Когда я в очередной, бессчётный раз пью кофе — омерзительный напиток, освящённый пятью поколениями неврастеников, я в бессчётный раз ощущаю бессмыслие своего существования. Зачем я пью эти так высоко оценённые остолопами и таможенными пошлинами коричневые помои? Зачем я ощущаю их, зачем в этом искать какой-то смысл или бессмыслие? Как много бесполезных своими ответами вопросов и как мало во всех них действительно важного, сущностного для меня. Вместо того, чтобы мирно идти домой и вкушать там в «недрах семейства» свою заслуженную или езаслуженную трапезу, которая, будучи радикально недоварена или пережарена, пересахарена или переперчена, всё же неизмеримо безопасней того, что тебе предложат предприятия «общественного питания», я медитирую над загадочным продуктом загадочной для самих современников эпохи. Может быть, я просто оттягиваю момент возвращения в «недра»? Может быть. Потому, что «недр» нет, а есть углы, в которых я ночую, а случается и днюю, когда уезжает в очередную командировку мой единственный хороший знакомый. Тогда недели две-три, а временами и месяц-два я живу как боярин в его однокомнатной квартире. Своя кровать у меня в коммуналке у матери, но там я появляюсь, когда деваться действительно некуда. Тоскливо мне наедине с матерью в нашей единственной комнатушке — соте многоэтажного железобетонного улья.

Глядя издали на несчитанные окна одного такого дома из многих тысяч ему подобных, я всегда вспоминаю случай с Иваном Грозным, как по взятии им непокорного града — то ли Пскова, то ли Новгорода — для облегчения правильного выбора самой вальяжной из полонённых женщин приказал он всем девицам и молодым дамам выставлять в окнах своих домов оголённые задницы по мере его победного продвижения через завоёванный город. Говорят, любил Иван Васильевич, как настоящий русский человек, попы, которые не то что в окна, в двери с трудом пролезали. Представляю, как разбежались бы глаза у царя Ивана сегодня, доведись подобным же образом инспектировать хотя бы один из районов современной Москвы. О, божественная простота нравов и ещё более божественное существование свободного жизненного пространства, когда количество регистрируемых задниц не превосходит умственных способностей регистрирующего!
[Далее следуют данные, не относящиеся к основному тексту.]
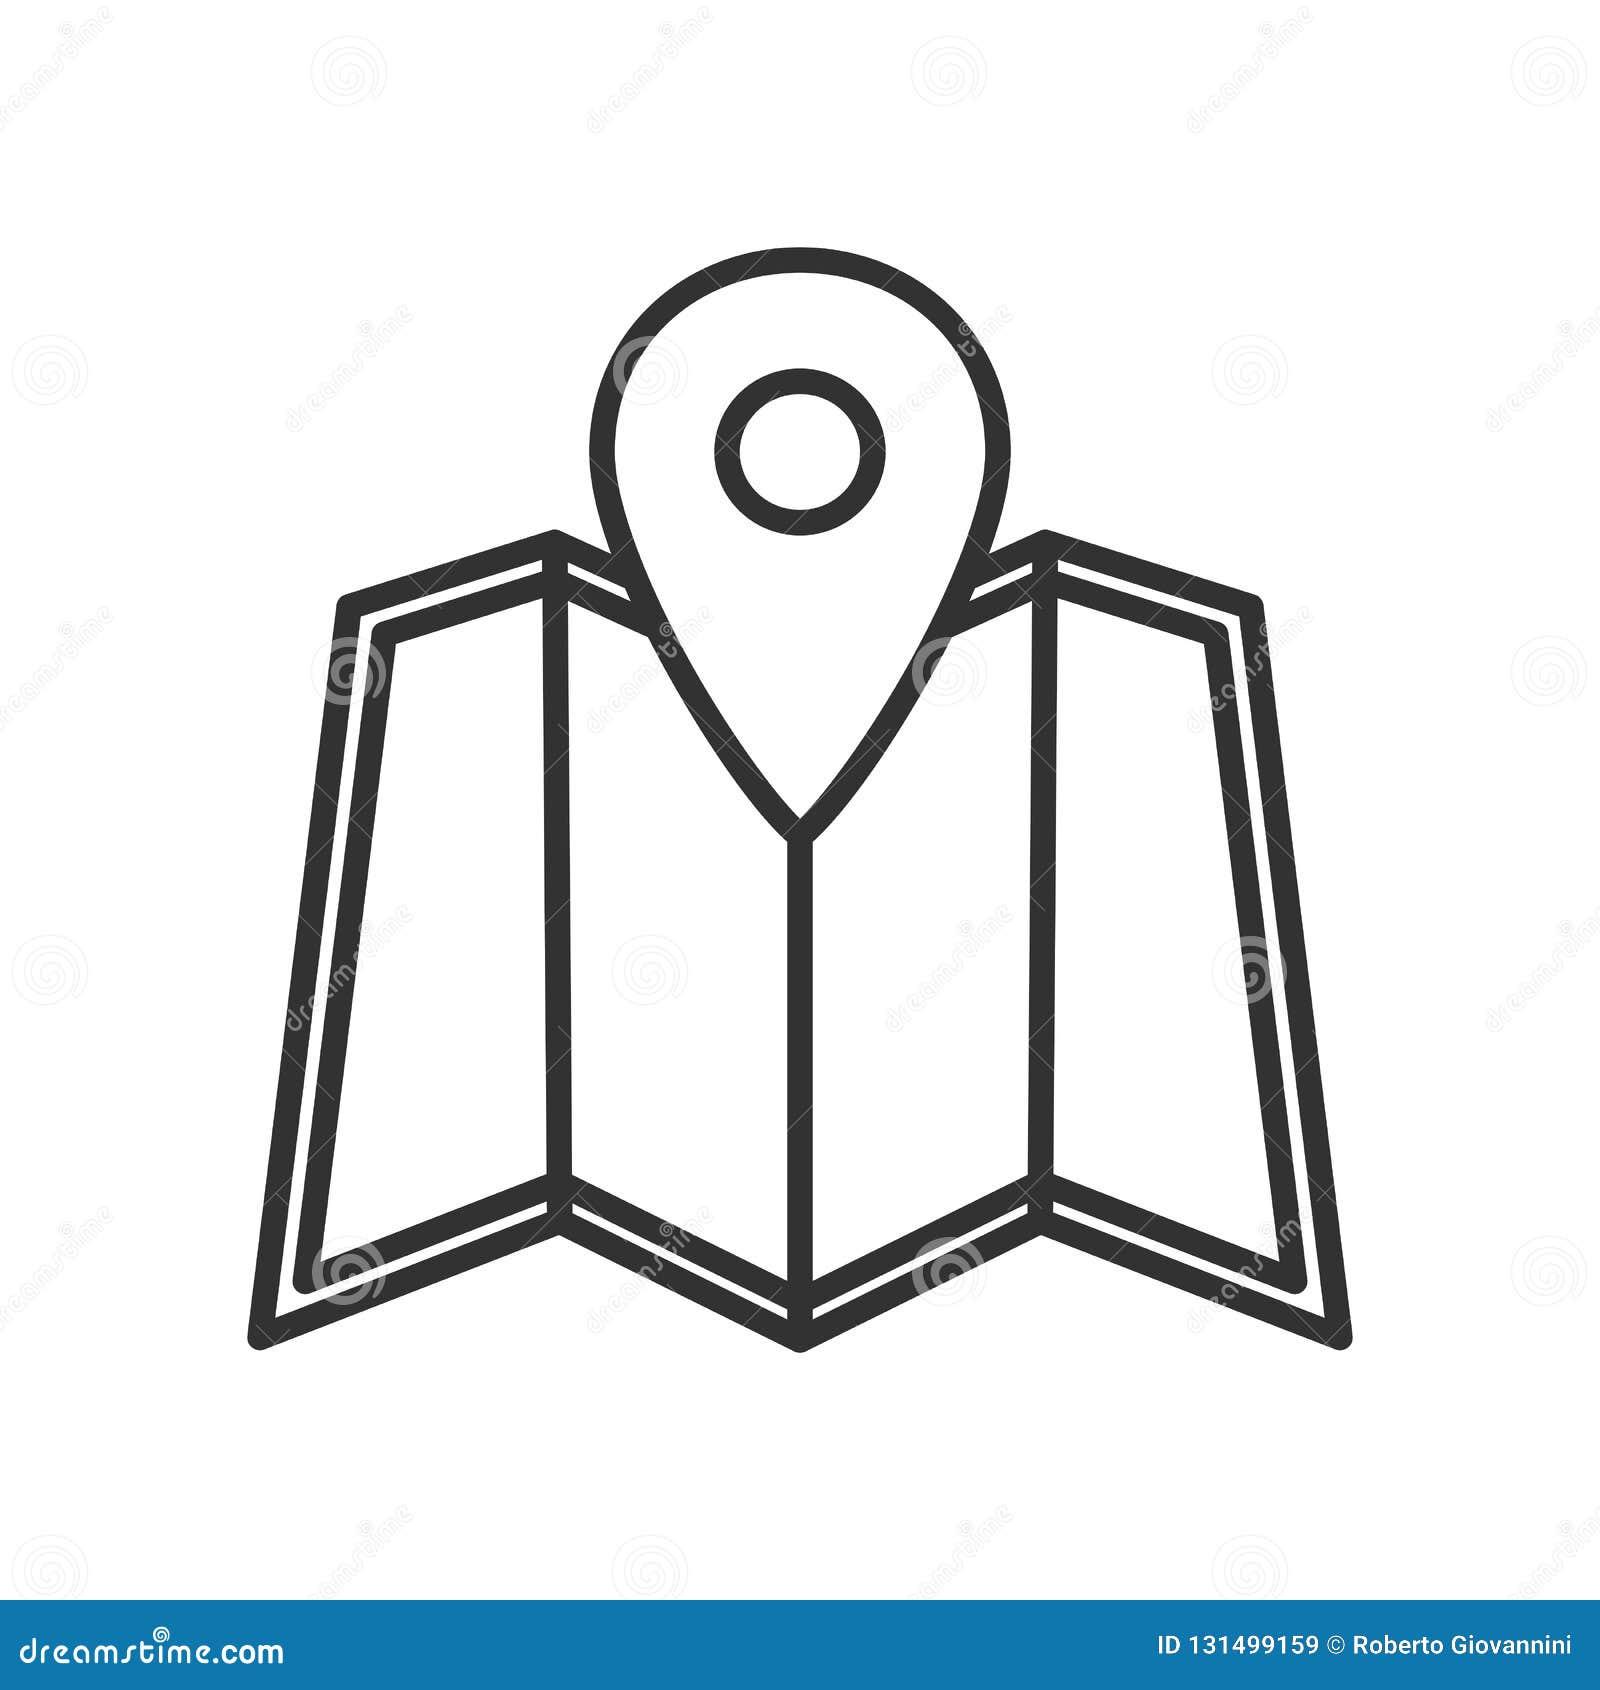 Översikt och plan symbol för lägemarköröversikt

А ещё мне просто бывает лень разговаривать с вечно пристающими любопытными жильцами и жиличками. И если от одних можно увернуться в тесном коридоре, других не впустить на порог, то от третьих застенных и запотолочных соседей никуда не денешься. Они всегда с тобой и днём, и ночью. Днём слышны их шаги, голоса, шум передвигаемых стульев и стук роняемых вещей. А ночью скрип диванов, клёкот зарождающихся ссор и блестящее достижение эпохи позднего социализма — музыка водопроводных труб. Они ревут и скрежещут днём, пока ты впитываешь в свой мозг грохот машин на улицах или визг станков и стоны вагранок где-нибудь на «Красном Выборжце». Вечером их торжественные мелодии и аккорды замаскированы звоном кухонной посуды и выстрелами очередного телевизионного фильма. Зато ночью! Воистину симфонии водопроводных труб — музыка будущего, и соседи — композиторы этих симфоний. А если ты не празднуешь вместе со всеми какое-нибудь торжество, то это ничего, звон стаканов, скрип голосов и топот дюжих ног развеселит и тебя, а когда кто-то захочет послушать музыку, то волей-неволей её послушаешь и ты. Может быть, поэтому мне всё реже и реже хочется слушать музыку: рок, кантри, джаз, классику, всё на свете. А молитва, которую я творю, живя у матери, звучит так: «Господи, яви свою милость, избавь мой народ, а если народ этого не хочет, то меня одного от всех праздников на свете, кроме праздника духа».

Мне кажется, с каждым годом праздников и торжеств, которые нужно встречать и отмечать, становится всё больше и больше и их всё чаще и чаще празднуют и отмечают. Жизнь окружающих стены нашей квартиры людей представляется мне одной бесконечной однообразной и утомительной «встречей» чудовищного праздника, встретить который как следует так никому и не удаётся. Но не так страшны сами празднества, как возня и суета предпраздничные. Все эти уборки, помывки, пострижки, шныряния из одного пустого (от товаров, но не от людей) магазина в другой, ещё более пустой, в поисках продуктов, напитков, подарков; приготовления салатов, пирогов, жарких. В нашей квартире жило несколько типичных жертв семейных и государственных праздников, вечно мчавшихся куда-то на поиски водки, тортов или маек с трусами и то ли только что пришедших от одних родственников, друзей, сослуживцев, то ли к другим направляющихся.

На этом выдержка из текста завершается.